Snapshot-Based Network Assurance Through Mathematical Modeling

In its 6.0 release, Nexus Dashboard Insights inherited the assurance analysis engine from the original Network Assurance Engine (NAE) application. The assurance engine continuously takes full snapshots of the network on a regular interval, builds a mathematical model for each snaphot that represents the network and how it operates at the point of time. It then analyizes the network behaviors against this model. It checks the network configuration for any errors, examines the consistency between the network configuration and its actual operational states. Any configuration issues, any inconsistencies between the configuration and the operational states, or any incorrect behaviors of the network components will be reported as network anomalies. It assures the network configuration, the policy space, connectivity as well as the endpoint space. The assurance functions are a comprehensive collection of automated troubleshooting processes, developed based on the deep knowledge base that is acculmulated through years of network design, deployment, and support experiences.

Centralized Network Insights with One View

Organizations scale out their data centers by deploying multiple data center sites that often are geographically dispersed. This creates a fragmented view of the network infrastructure that creates challenges for Day-2 operations teams leading to slower incident detection, correlation, and resolution.
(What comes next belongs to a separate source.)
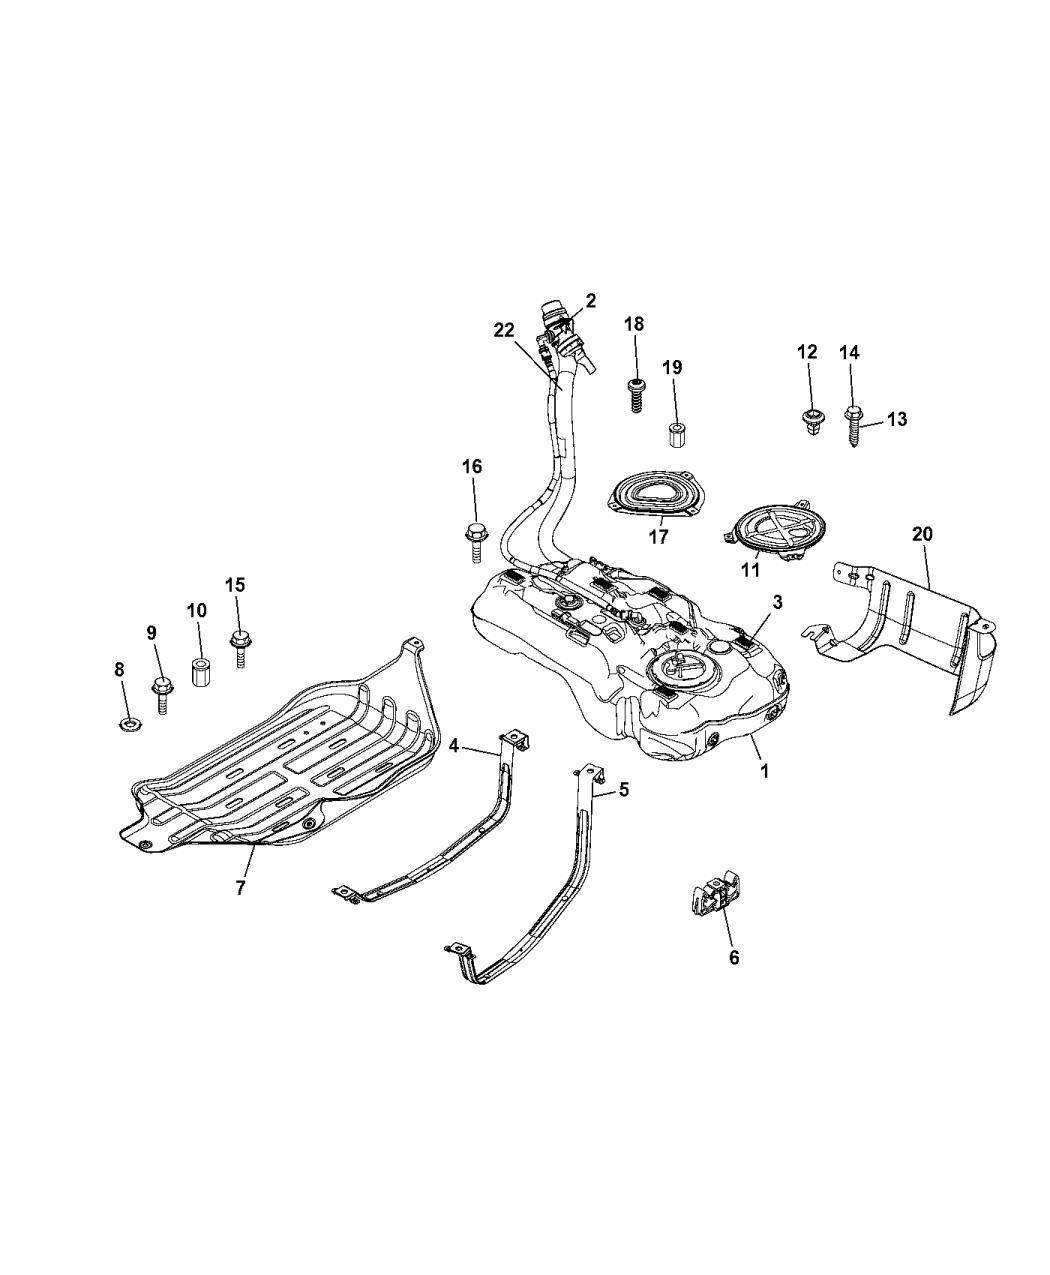 68372070AA - Genuine Mopar TUBE-FUEL FILLER

Starting with Nexus Dashboard 2.1 release, users can link their multiple Nexus Dashboard clusters together to operate their network sites from this one central point and obtain an aggregated view of the operations of all their network sites. Enabled by the “One View” capability on Nexus Dashboard, the Insights service itself can now provide its users with the centralized visibility across all the network sites on the linked Nexus Dashboards and enable the smooth navigation among the different sites on the same Insights UI.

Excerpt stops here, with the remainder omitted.